Fetters: With Sarkisian's seat starting to ever-so-slightly warm up, he has to do better than the last three seasons - all ending in a 7-6 record and the last two years with bowl losses. Sark knows the pressure is there to win, and with the unveiling of the $261M remodeled Husky Stadium versus Boise State, he also knows the product on the field is going to be even more important than the rest of the brand-new stadium experience. If UW gets past Boise State - a tough ask, but they beat the Broncos in Seattle in 2007 with a much weaker team - they should roll through Illinois and Idaho State.

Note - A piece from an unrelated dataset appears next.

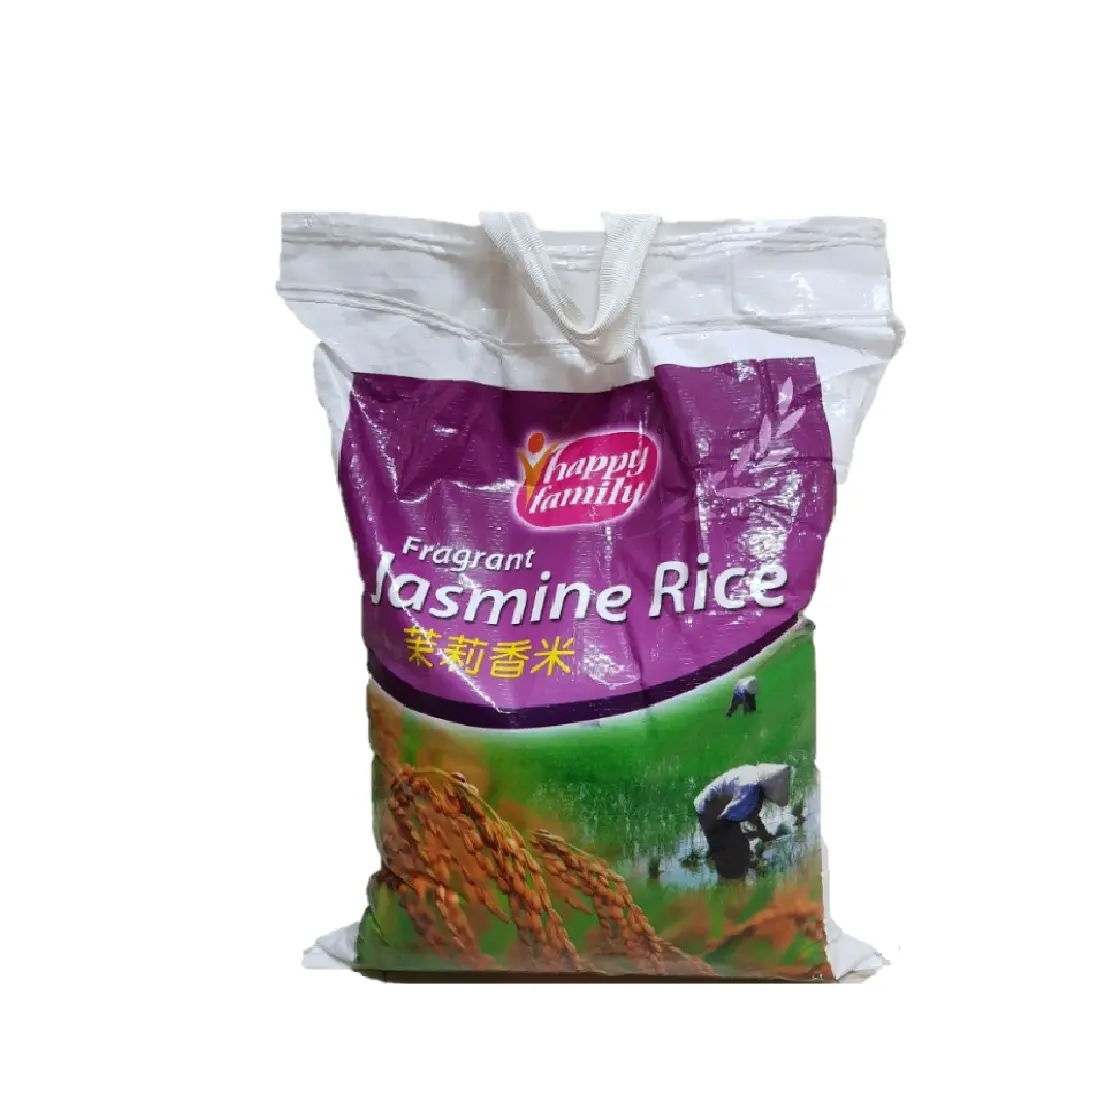 Jamine pirinç lezzetli aromatik tür parfüm lezzet beyaz renk ile Vietnam- Riz- Arroz- Whatsapp Linda 0084 989 322 607

The real test obviously comes with conference play. It's good they get Arizona in Seattle right off the bat, because playing the 'Cats will be a great measuring stick for the UW defense defending the spread. Then comes the gauntlet - at Stanford, Oregon, and at Arizona State. Sarkisian, in his four years at Montlake, has never been able to avoid at least a three-game losing streak as UW Head Coach - and if he's to break that streak he has to win one of those three games. It's an imperative. After that they have tough games at UCLA and Oregon State - but those are doable.

That's why I feel like the game at ASU will tell the tale. If they go to Tempe 4-2 and win, I think the worst they end up in the regular season is 8-4 - and that's a really conservative estimate. If they lose to the Sun Devils and end up 4-3 (or maybe with even a losing record by then), the rest of the season could be tough sledding. But there's no doubt in my mind the first seven games of the season will make or break UW.

So in conclusion, my realistic prediction for the 2013 Washington Huskies is 7-5, with a wink and a nod toward 8-4 if they can avoid injuries and stay out of their own way on the road.